The slopes $B\left(k\right)\mathrm{}$ of the exponential forward peak for ${\pi }^{\pm }p$ and $K^{\pm }p$ elastic scattering have been surveyed in the region $0.3\lesssim P_{\mathrm{lab}}\lesssim 20.0$ GeV/c. Plots of the momentum dependence of $B\left(k\right)\mathrm{}$ reveal striking enhancements at momenta corresponding to the location of known high-spin, high-elasticity resonances. There are indications that the background behavior of $B\left(k\right)\mathrm{}$, when considered over such a wide momentum interval, might be smoothly rising in all cases; thus, the forward peak associated with background diffraction effects would appear to shrink not only in $K^{+}p\to K^{+}p$ interactions, where resonance formation is weak (or absent), but also in ${\pi }^{\pm }p\to {\pi }^{\pm }p$ and $K^{-}p\to K^{-}p$ interactions, where many prominent resonant states are formed. An explanation for the behavior of $B\left(k\right)\mathrm{}$ is presented, based on the properties of the logarithmic derivative of the differential cross section in the forward direction.

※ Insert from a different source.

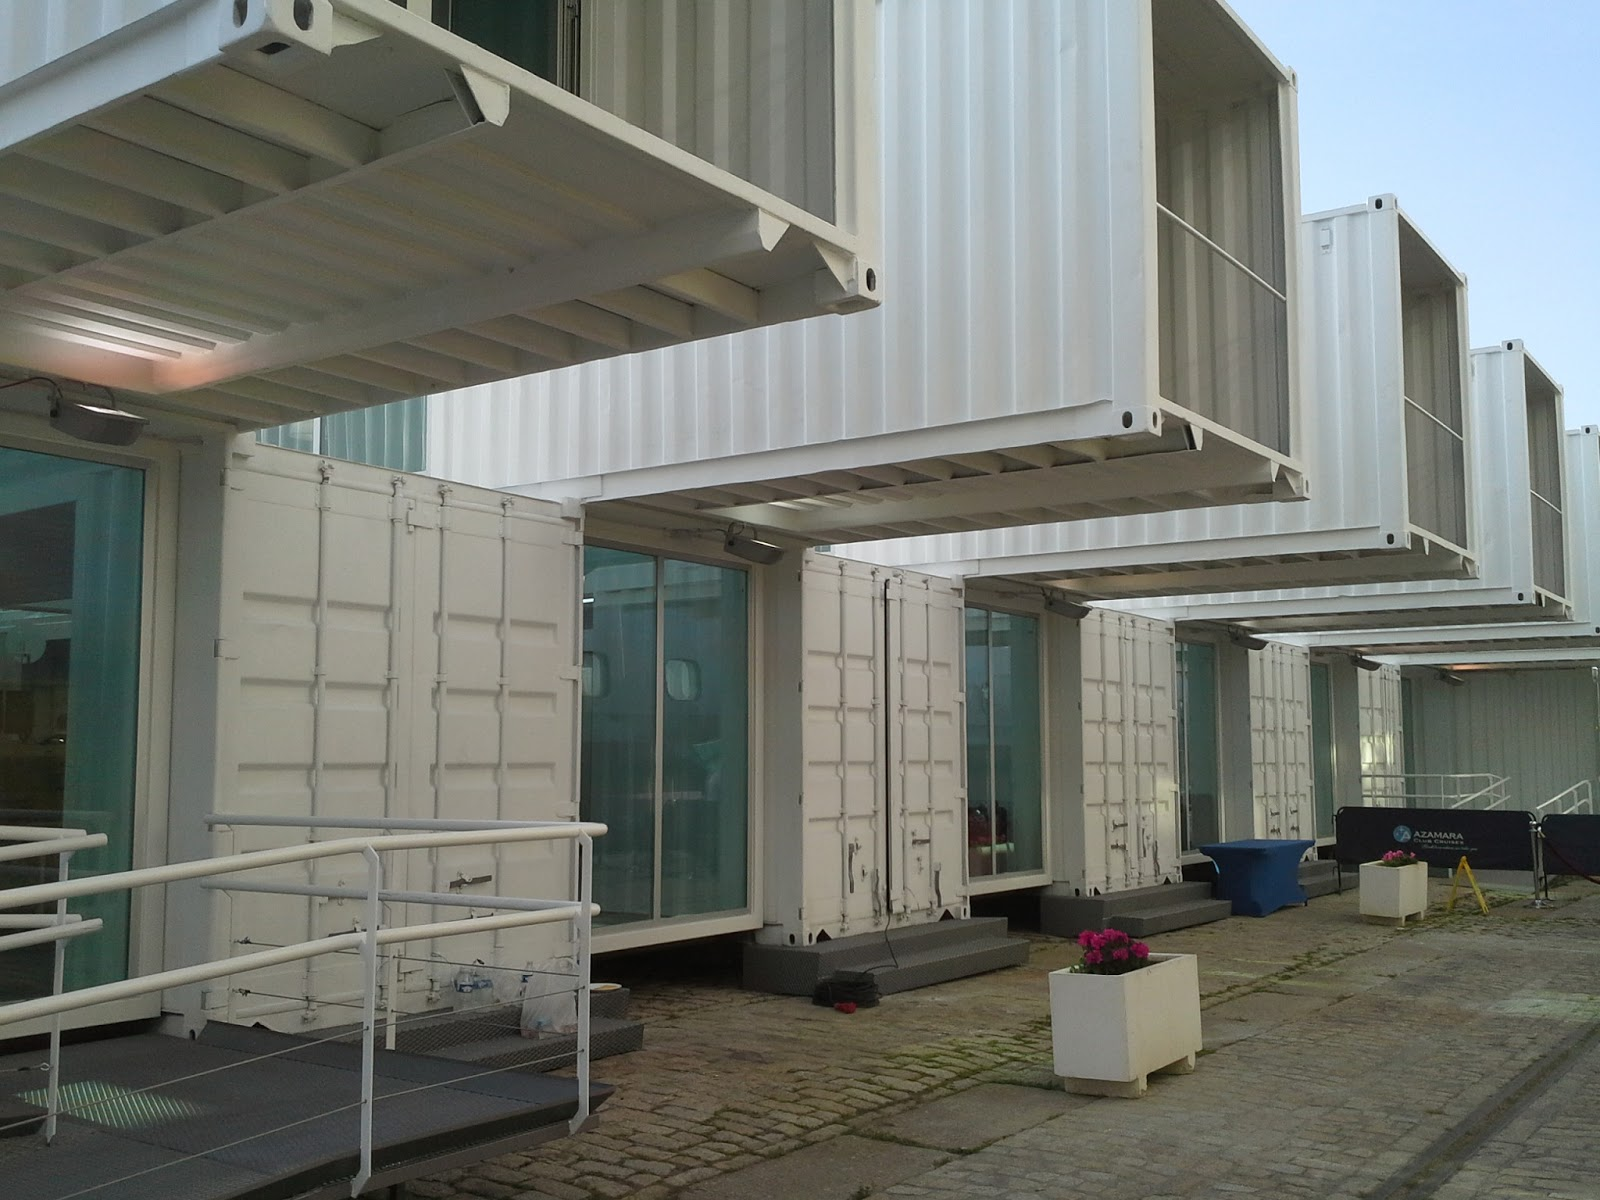 Tercera piel contenedores habitables abril 2013 for Containers habitables

As a quantitative illustration, $B{\mathrm{}\left(k\right)\mathrm{}}_{K^{-}}$ was derived in terms of a simple phenomenological model, which involves a linear superposition of diffractive-like and resonant amplitudes. In this way a fit to the $B{\mathrm{}\left(k\right)\mathrm{}}_{K^{-}}$ and $K^{-}p$ total-cross-section data could be obtained throughout the entire momentum region. The information which can be derived from the experimental study of $B\left(k\right)\mathrm{}$ is discussed; this has bearing on the determination of resonance properties and on the behavior of the spin-flip amplitude.